The heton velocity field perturbs the filament, destabilises it, and causes it to break up into a series of billows. As the heton moves towards and along the filament, the induced flow field constantly changes, and this has an impact on the development of the filament instability. The billows are not equally spaced, nor are they similar in shape and size. However, we see that two to three billows form. Notably, a monochromatic mode with wavenumber $k=3$ corresponds to a dimensionless wavenumber $ka=0.75$, which is close to the value $ka=0.729$ associated with the fastest growing mode on an isolated filament. The heton however does not predominantly excite $k=3$, but rather $k=1$, as shown by the spectral analysis presented in Figure 6. After a short period of time, $k=2$ becomes dominant, which may be due to the faster linear growth rate of $k=2$ compared to $k=1$, but also may in part be due to the constantly changing perturbation induced by the heton and nonlinear interactions. The mode $k=3$ never catches up, despite it being most unstable for an isolated filament. The validity of linear theory breaks down before $k=3$ has a chance to grow appreciably.

At later times, the surface buoyancy field becomes more turbulent though the main billows persist, and continue interacting with the vortices below. Many fine-scale features appear on the surface, characteristic of surface QG turbulence [21]. Note that the earlier evolution is only weakly affected by the periodic boundary conditions imposed on the flow, as shown in the Appendix A. Periodic images of the heton have little impact on the way in which the heton approaches and destabilises the filament.

We next examine more widely the influence of the initial flow geometry on the development of the flow. We first focus on the effect of increasing $\delta$, the vertical separation between the two vortices of the heton. Recall that the translation velocity $u_t$ of a pair of point vortices of opposite strengths $\pm \kappa$ is given by:

$$u_t=\kappa {\displaystyle \frac{d_h}{d^3}},$$

(13)

where $d_h$ is the horizontal distance between the point vortices and $d=\sqrt{d_h^2+{\delta }^2}$ is the full three-dimensional distance between them. This means that for a given $d_h$, increasing d decreases the interaction between the vortices, and therefore decreases their translation velocity. However, in the presence of a surface filament, increasing the vertical offset also increases the difference in velocity $v_1-v_2$ induced by the filament on the vortices, and consequently increases the horizontal offset $d_h$. This in turn increases the translation velocity, at least for $d_h<\delta /\sqrt{2}$. The dependence of $u_t$ on $d_h$ and $\delta$ is summarised in Figure 7.
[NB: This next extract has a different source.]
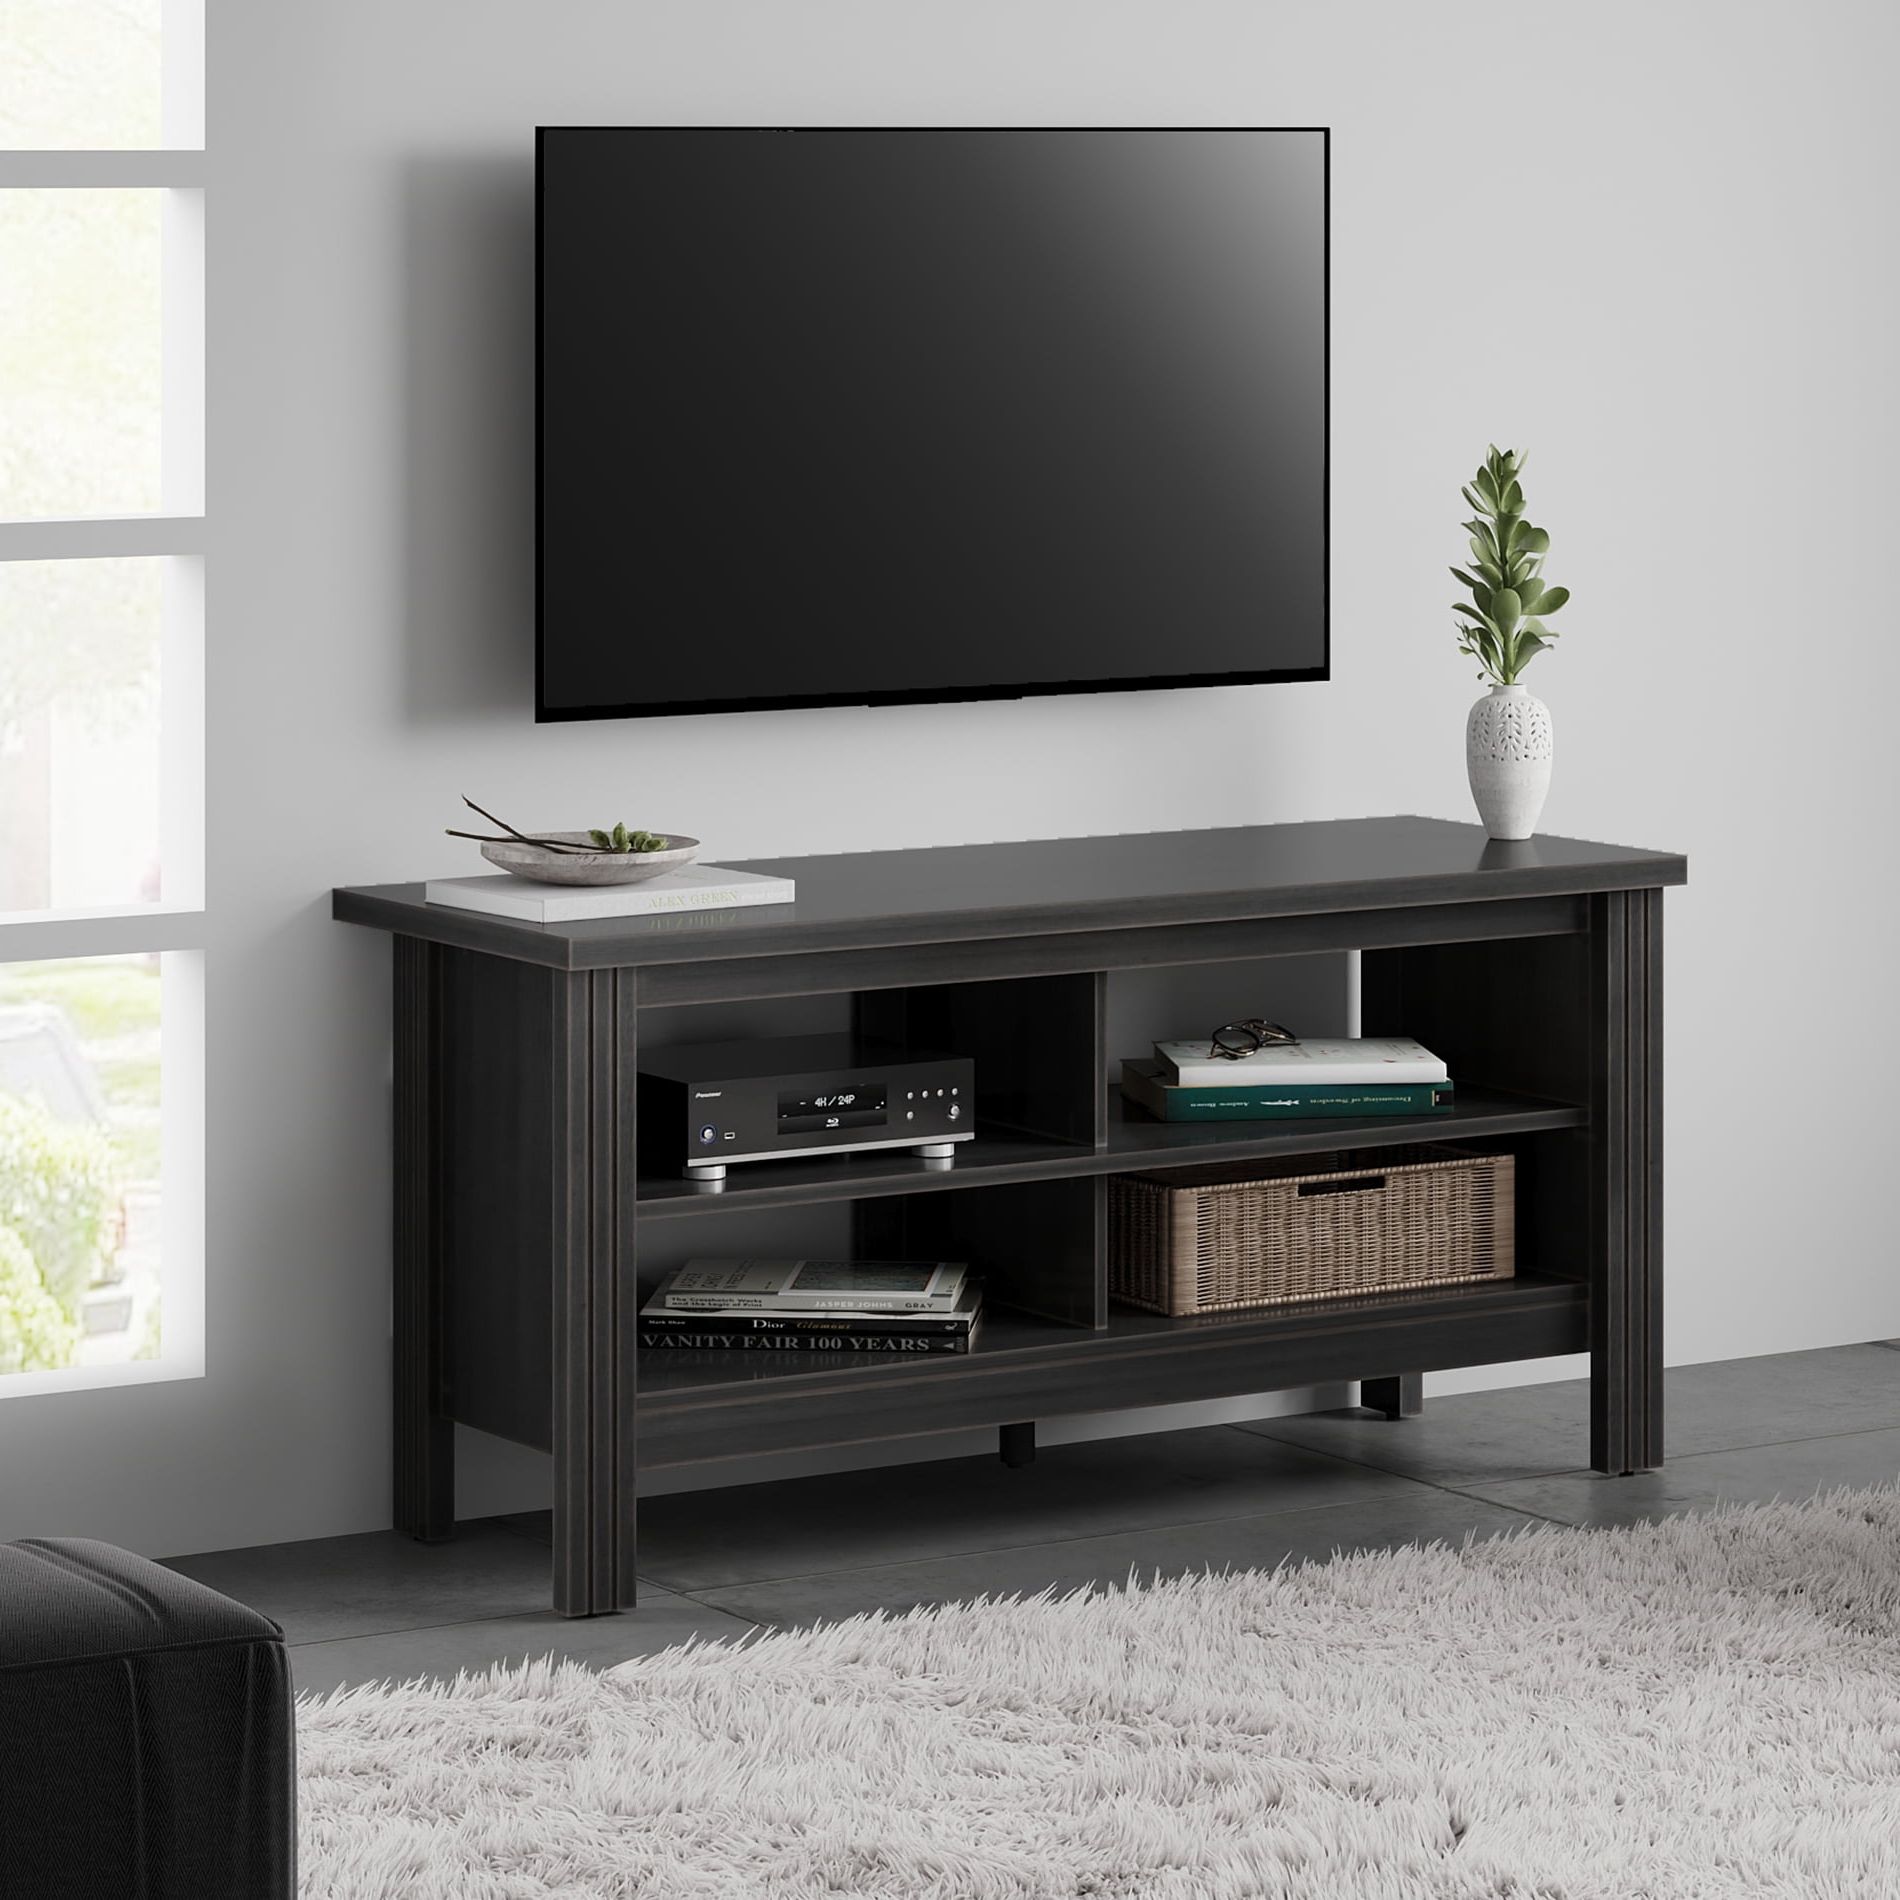 Most Recent Farmhouse Wood Tv Stands For 55 Inch Flat Screen Media Console Storage In Media Entertainment Center Tv Stands (View 15 of 15)

Results for the case $2.1$, where $\delta =2h_v$ is doubled relative to case 1 while keeping all other parameters the same, are presented in Figure 8. The main difference is that here the vortices of the heton separate more rapidly, as anticipated. The time evolution of $d_h$ is presented in Figure 9 and compared to case 1 (red and black curves). The wider separation initially speeds up the vortices until this is compensated by the growth in three dimensional distance d. The net effect is that the dipole approaches the filament more slowly in this case.

On the other hand, the early development of the filament instability is very similar. This indicates that, in these cases, the evolution of the filament is mostly driven by its internal dynamics, while the heton mainly acts as a source of perturbations. More pronounced differences between the two cases become apparent at later stages due to nonlinear effects, and in particular when the vortices have become close enough to the filament billows to interact individually with them. At later stages, the interior vortices interact with the surface billows, accelerating the turbulent cascade occurring at the surface.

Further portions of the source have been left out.